Ever since I saw Paddington 2 (a seriously great movie), I’ve wanted to make orange marmalade. The problem was that every recipe that I read involved letting the fruit soak overnight. Overnight! Does Paddington let the fruit sit overnight in the movie when he has to feed all those prisoners? Methinks not. Consequently, I spent some time searching for an instant marmalade recipe and finally hit on one on the Master Class website. This is such a terrific recipe because it’s so simple, you can memorize it.

Ready? Two pounds of citrus + 6 cups water + 4 cups sugar + 1/4 cup lemon juice. That’s it!

Normally Seville oranges are considered the best oranges for marmalade because of their bitterness and sourness — qualities that play neatly off the sugar — but in my fruit bowl this weekend I found Cara Cara oranges (they’re pink on the inside), blood oranges (they’re red on the inside), and kumquats. I weighted out two pounds worth, then got to work.

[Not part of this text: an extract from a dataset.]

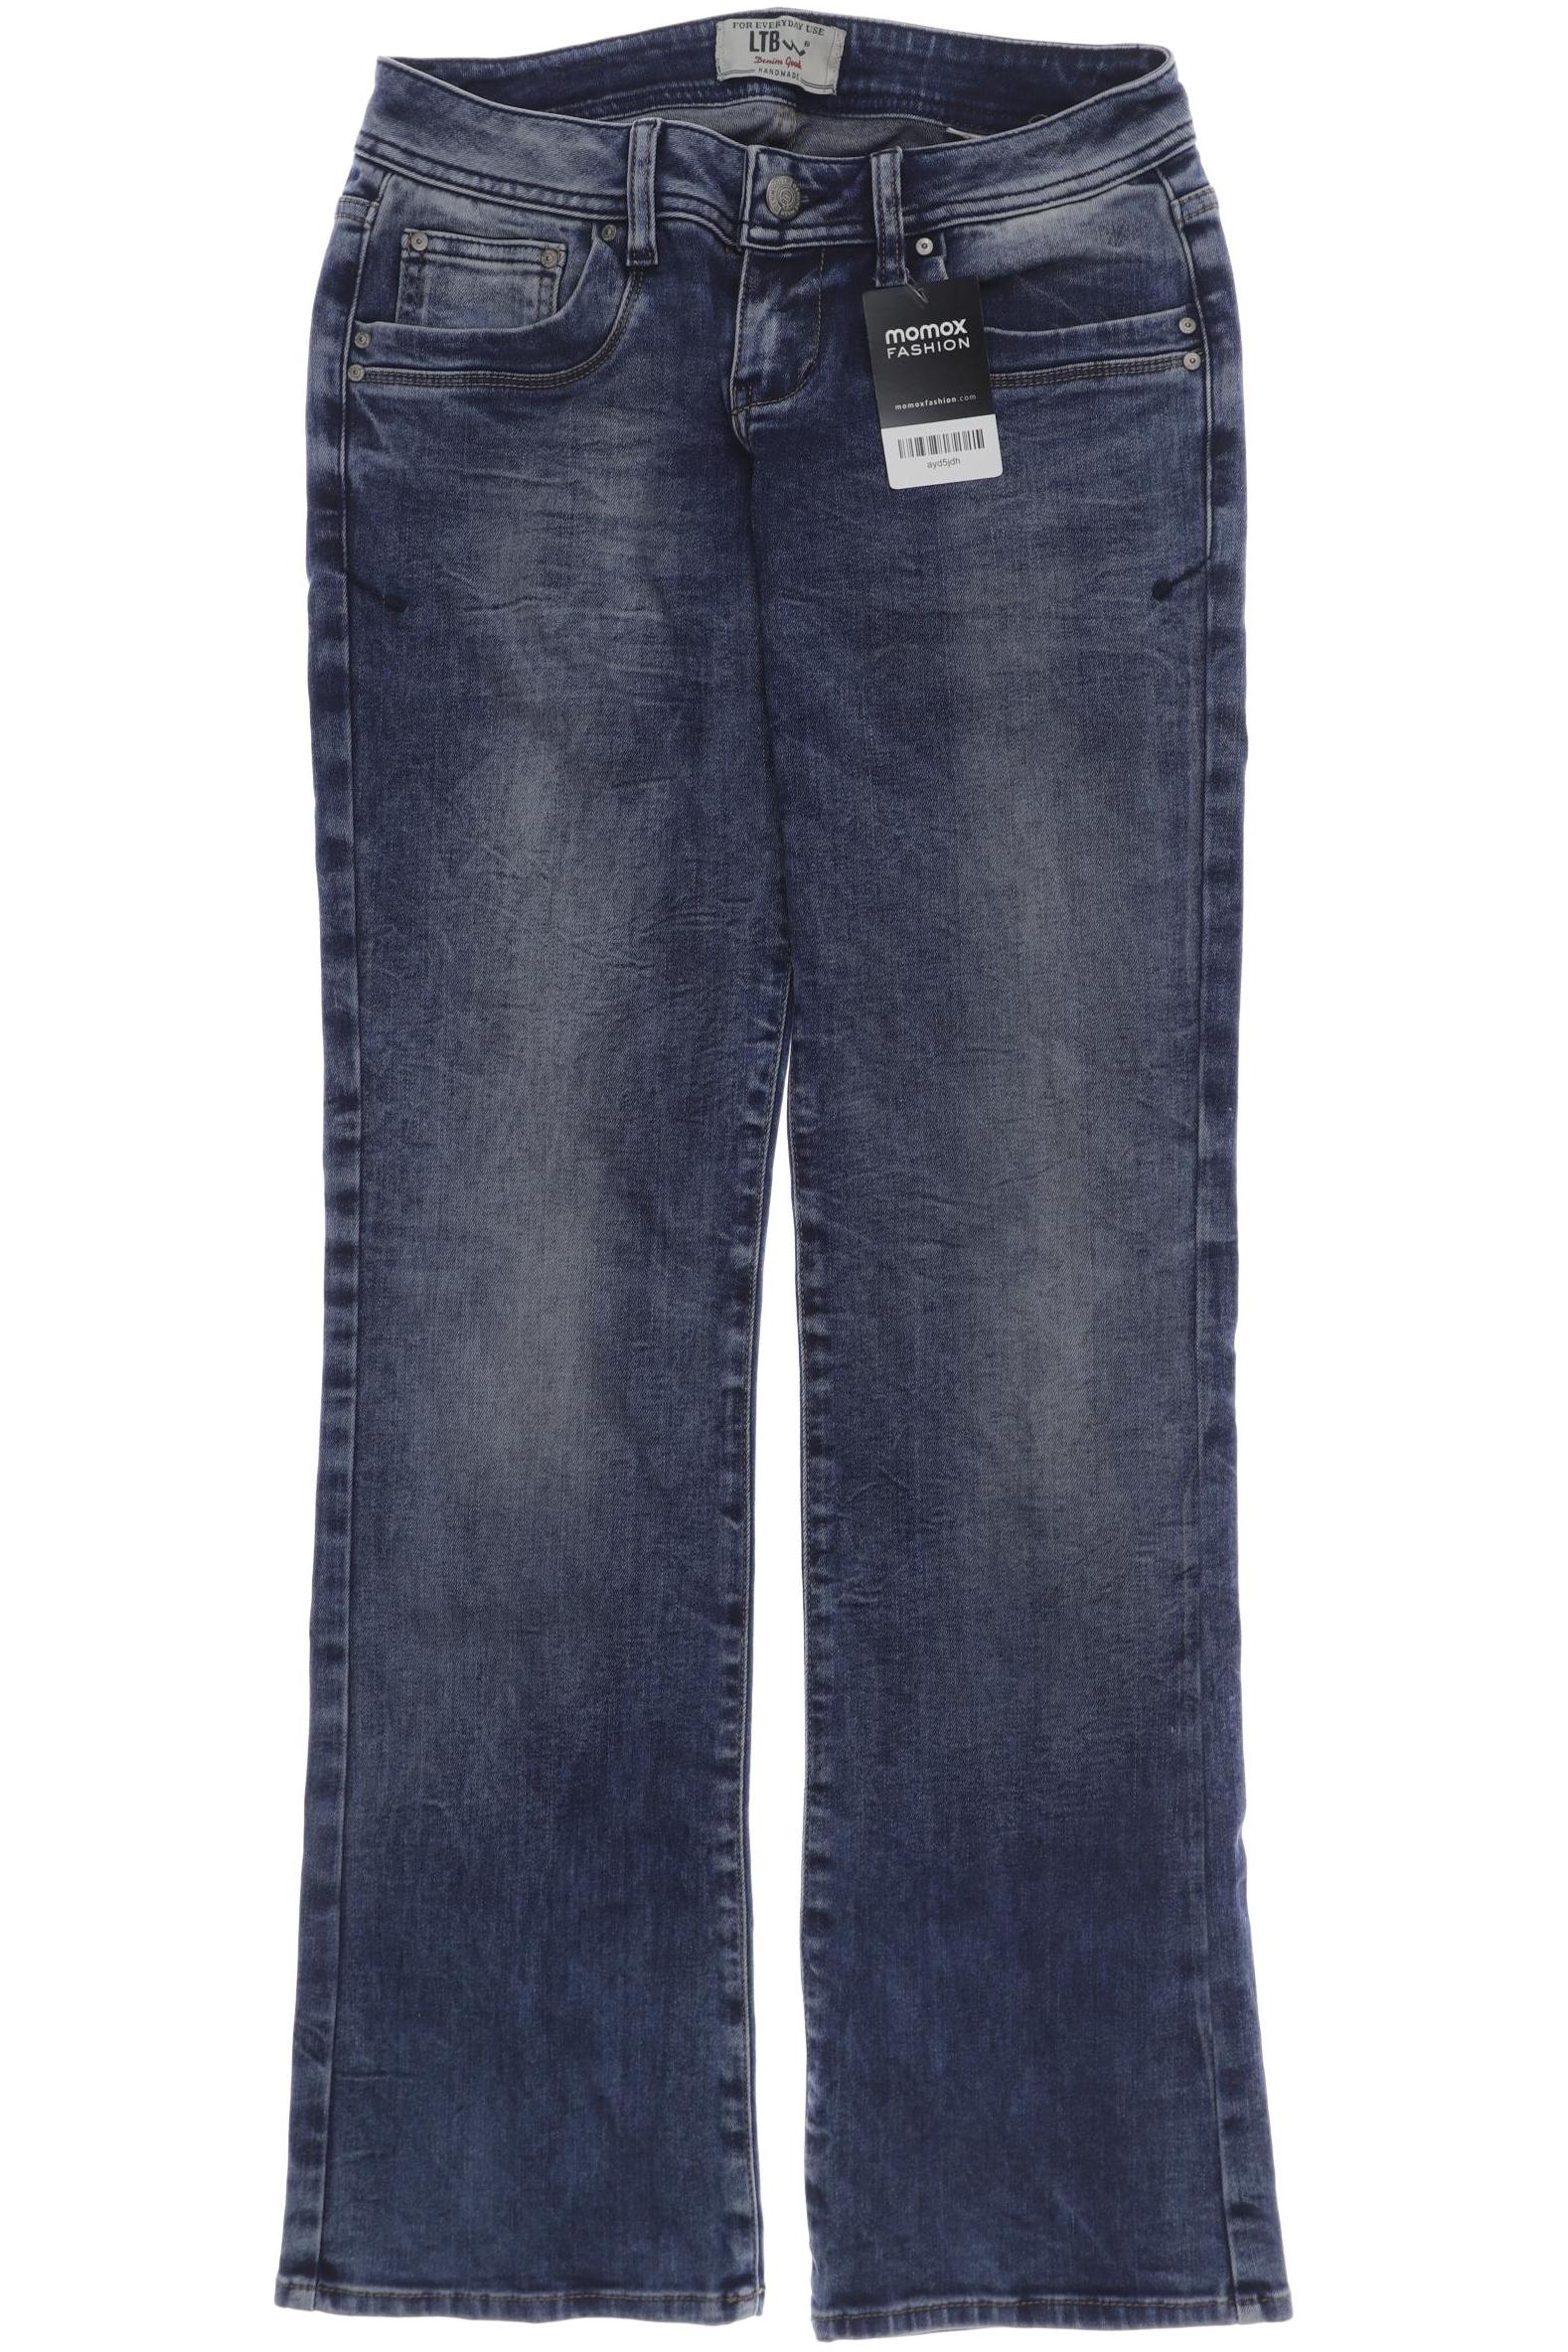 LTB Damen Jeans, blau, Gr. 38 von LTB

Step one: cut the rind and pith off of the fruit. Don’t worry if yours isn’t perfect (mine certainly isn’t!): everything’s going into the pot eventually. Then get to slicing. Slice the rind into 1/4 inch lengths, cut the fruit in half and slice it into 1/2-inch slices, and slices the kumquats. If you find any seeds along the way, throw them away or do what you’re supposed to do — put them in cheesecloth and throw them into the pot for some extra pectin. Did I do that? I did not.

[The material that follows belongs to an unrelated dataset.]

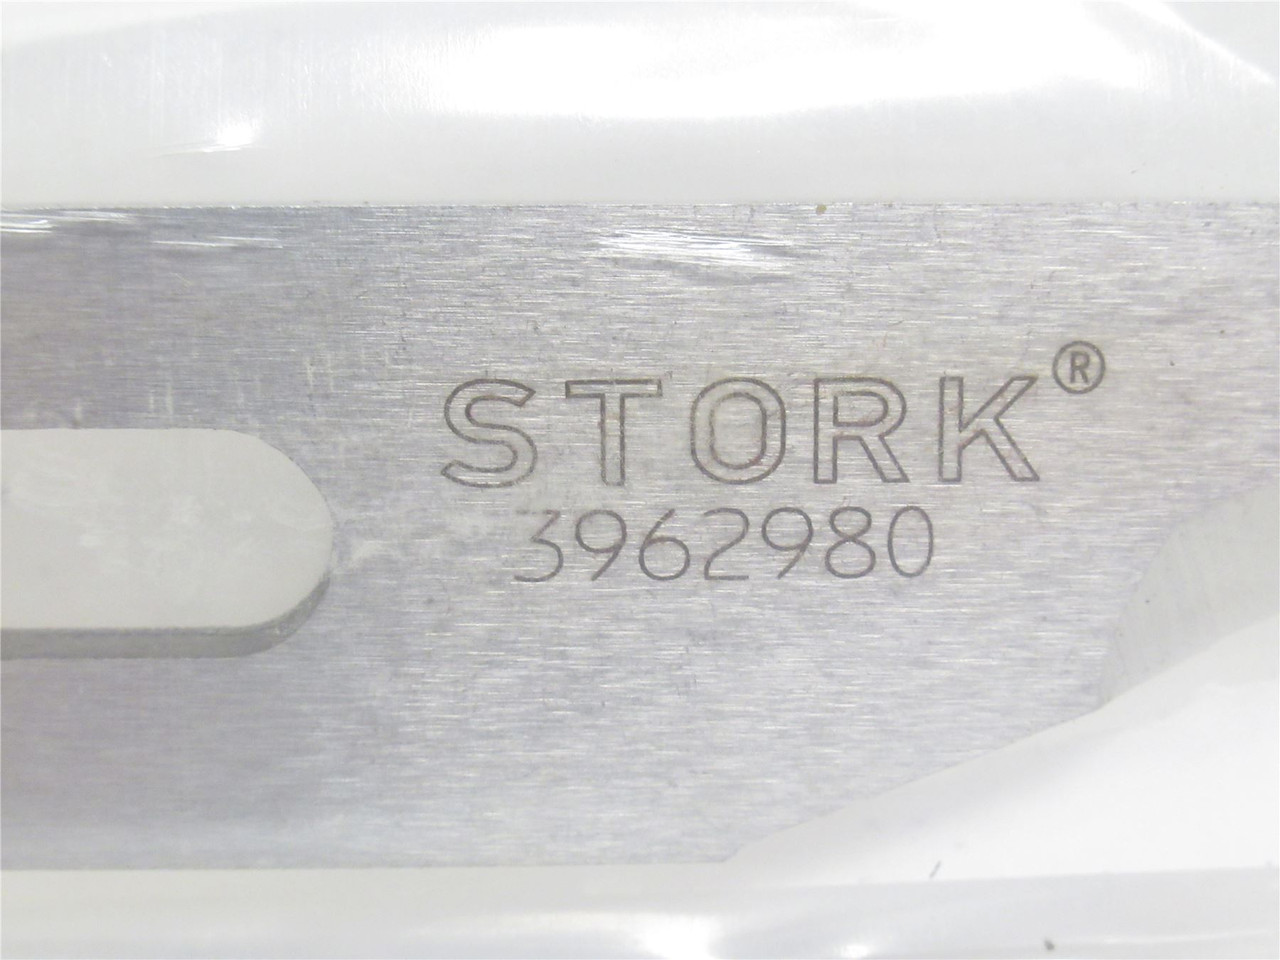 Stork 3962980; Start Blade

Doesn’t that look gorg? I could put my bathing suit on and jump right in, though there isn’t any water in there yet. Let’s add some. Six cups, please.

Then it’s time for sugar. You need a lot of sugar to make marmalade — them’s just the rules. So four cups of sugar, make your entrance.

Add 1/4 cup lemon juice, then crank up the heat, bring it to a boil, lower to an active simmer and cook for 90 minutes or until a thermometer says 220. At that point we do what’s called the wrinkle test. You should have a small plate in the freezer (sorry, should’ve told you sooner); dollop some of the marmalade on to the plate. Let it cool for a second and then push it with your finger. If you see wrinkles, you’ve got marmalade.

I should say here that I made the mistake of putting this into jars when I didn’t really pass the wrinkle test. You’ll know you’ve failed the wrinkle test if the marmalade stays super liquidy after sitting for a while. Don’t worry — you can do what I did. Which was essentially to put everything back into the pot, bring it back to a boil, and cook for another 5 to 10 minutes until I absolutely, without question, passed the wrinkle test.

This may be the only time in your life where you actually want wrinkles.

As for the canning aspect to this, I just ladled everything into clean jars and put the lids on. I don’t expect this to keep at room temperature — I’m storing it in the fridge and I hope we gobble it up over the next month. Truthfully, I’ve never had a problem with jam going bad or making anyone sick as long as I’ve kept it in the fridge. But do your own research. I don’t want to wind up in jail like Paddington! But at least now, if I do, I know how to make marmalade.